FIG. 2.    Two different stages of fruiting bodies of an edible puffball mushroom, Calostoma sp.  

FIG. 3.    Immature fruiting bodies of Calostoma sp. appearing in their natural habitat.   




Mature basidiospores of the stalked puffball mushroom, Calostoma sp., are covered with protruding spines (Fig. 1).  The round basidiospores are ornamented with tapered spines, a unique microscopic morphology of some species in this genus. When the basidiospores are immature, these protruding spines link the basdiospores  with their basidia and networking mycelia in the fertile region (known as the gleba, shown in Fig. 2).  As the spores become mature, they dry and are released from the mycelial mass. The powdery spore dust is discharged through the opening of the fruiting body like ash from a miniature volcano and easily disperses to attach to the surrounding substrate.  The spores provide protection and efficiency in attaching to the substrate.     

When the immature mushroom is cut (far left in Fig. 2), the inner white part—the spore mass or gleba—containing young basidiospores and the mycelial mass which develops within a transparent gelatinous material is seen. The far right (Fig. 2) shows a mature fruiting body with a perforated spore case atop a reticulate stalk.  The natural habitat of these puffballs— low nutrient, sandy soil and decomposed leaves of a dry deciduous forest— is shown in Fig. 3.  This tropical forest type is populated with the major Dipterocarp tree species such as Shorea spp., Dipterocarpus spp. and Hopea spp.  Recent research indicates that Calostoma cinnabarinum sp. is an ectomycorrhizal mushroom (3), a type of fungus which lives in a symbiotic relationship with a plant by forming a sheath around the plant's root tips.  

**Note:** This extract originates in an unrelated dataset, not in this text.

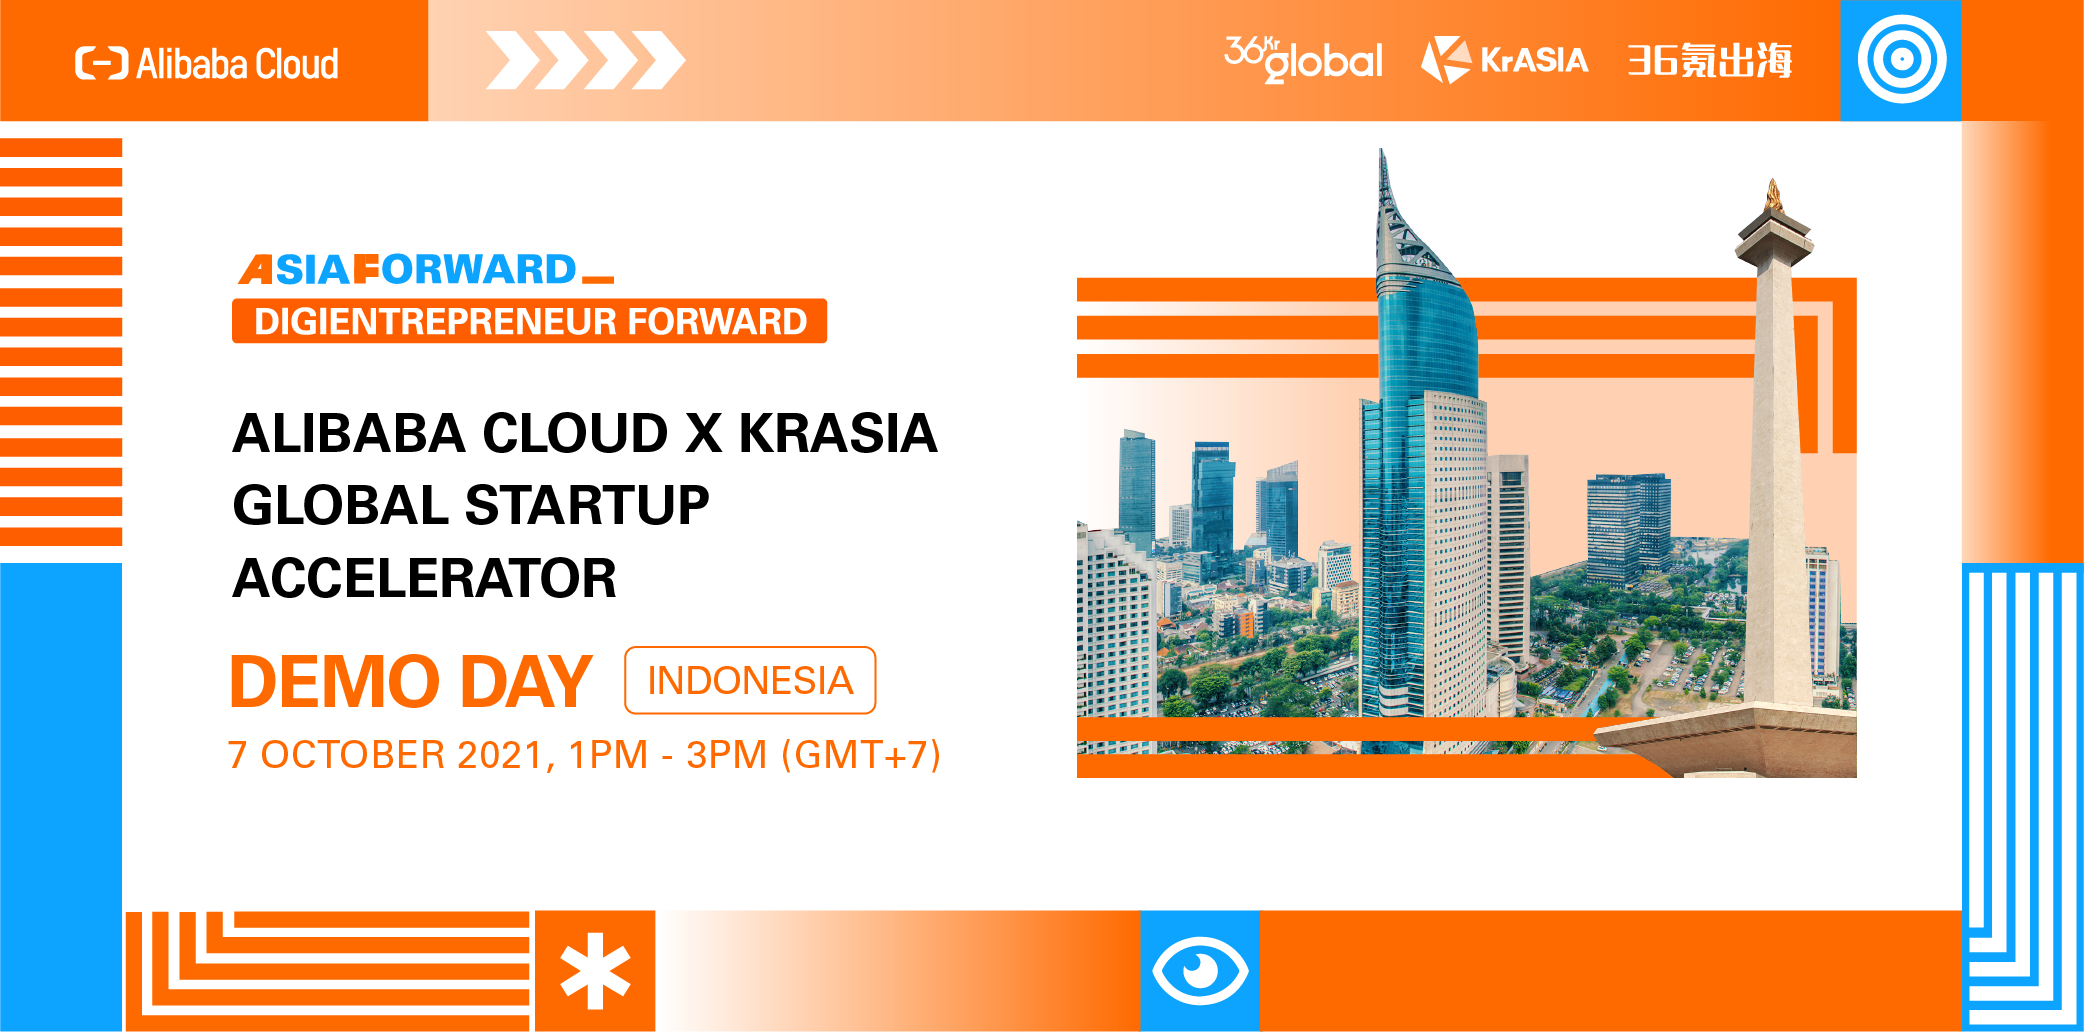 Register for a spot in the Alibaba Cloud x KrASIA Global Startup Accelerator Indonesia Demo Day
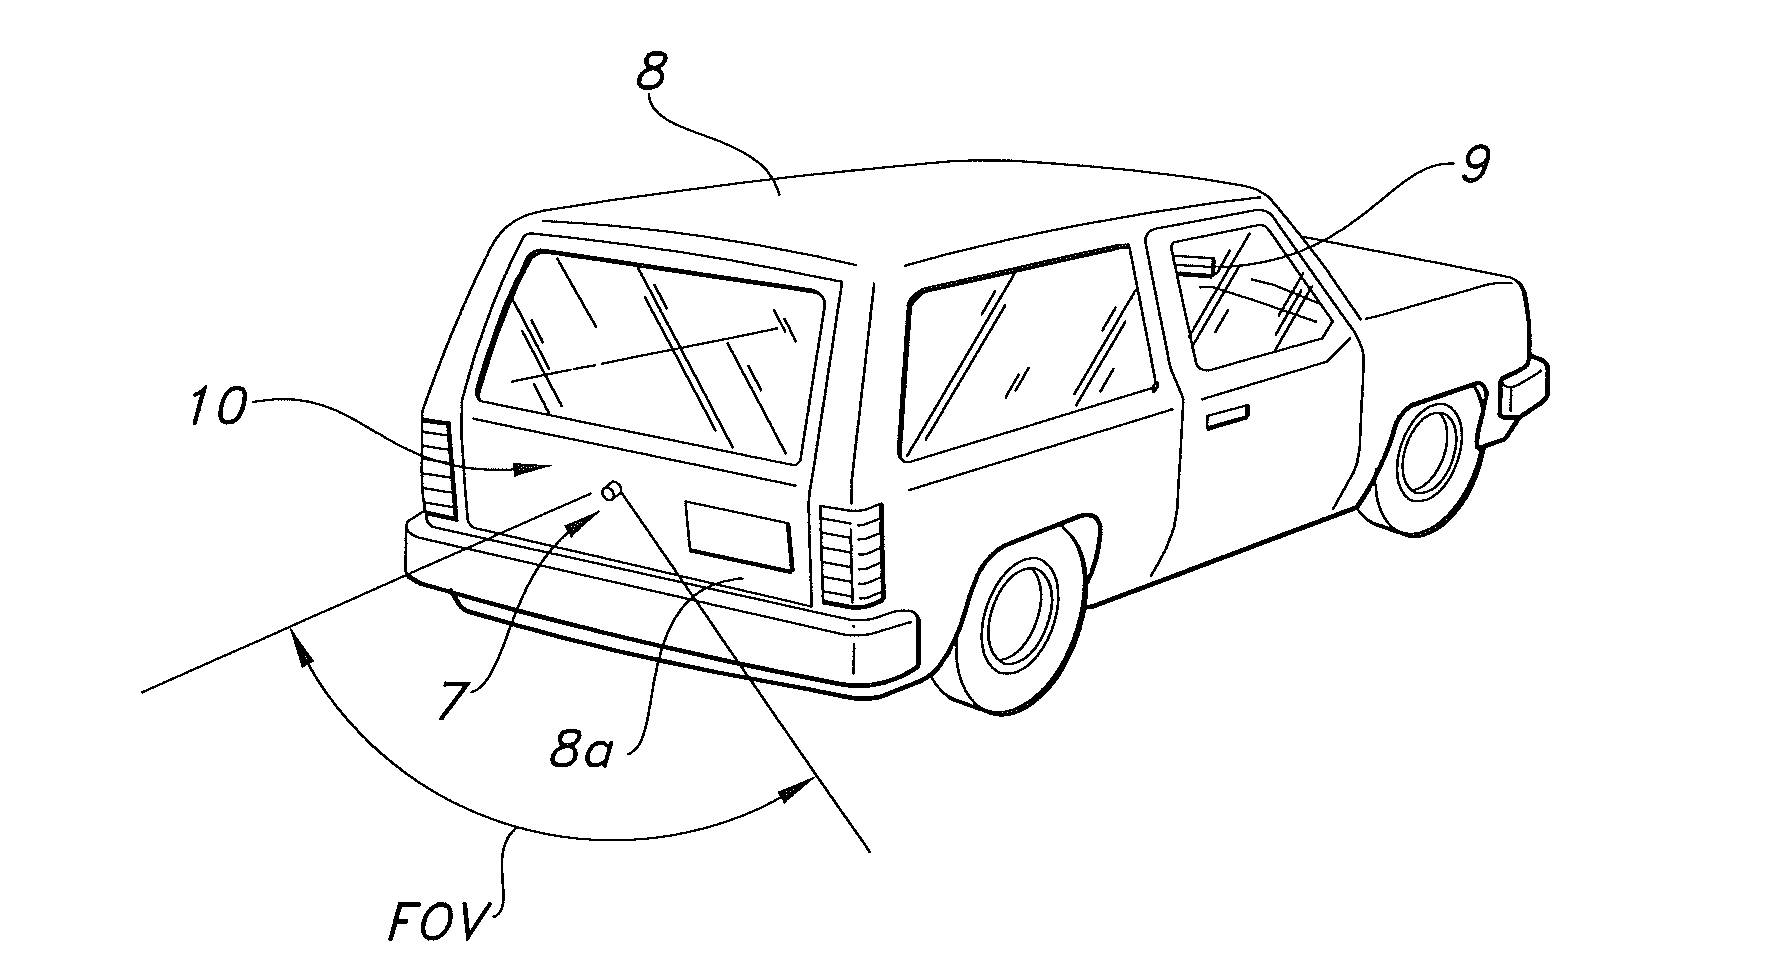 Integrated Automotive System, Pop Up Nozzle Assembly and Remote Control Method for Cleaning a Wide Angle Image Sensors Exterior Surface

The fruiting bodies of Calostoma sp. were collected from natural ground habitat in a Dipterocarp forest in Thailand in October, 2004. Basidiospores were removed from the inner chamber of a mature mushroom. They were placed on a stub with adhesive tape, vacuum dried, gold coated, and observed by a Jeol scanning electron microscope at 15 kV, 5,000 x . The pictures of fruiting bodies in situ were taken by a digital camera, Pentax Optio 330. The diameter of the immature mushroom is 2.5 to 4.0 cm, while the inner part is 1.5 to 3.0 cm. The outer gelatinous layer is 0.5 to 1.0 cm thick. The stalk is hollow, 3.0 to 4.0 cm long and 1.0 to 1.5 cm thick. The diameter of a mature fruiting body is 1.5 to 2.0 cm.   


The microscopic morphology of basidiospores reflects the importance of functional morphology for their fertility. The starlike structure protects the basidiospore from unfavorable conditions, helps it to attach to the substrate, and allows it to survive in a suboptimal environment. Besides the basidiospores of puffball mushrooms, such a starlike shape is noticeably found in various taxa: algae, conidia of fungi, corals, planktons, sea stars, sea urchins, and flowering plants.


1. Hawksworth, D. L., B. C. Sutton, and G. C. Ainsworth. 1983. Ainsworth and Bisby's dictionary of fungi. Commonwealth Mycological Institute, Kew, Surrey, England.

2. Lincoff, G. 2004. Field guide to mushrooms. National Audubon Society, New York, NY.

3. Wilson , A. W., E. A. Hobbie, and D. S. Hibbitt. 2007. The ectomycorrhizal status of Calostoma cinnabarinum determined using isotopic, molecular and morphological methods. Can. J. Bot. 85(4):385–393.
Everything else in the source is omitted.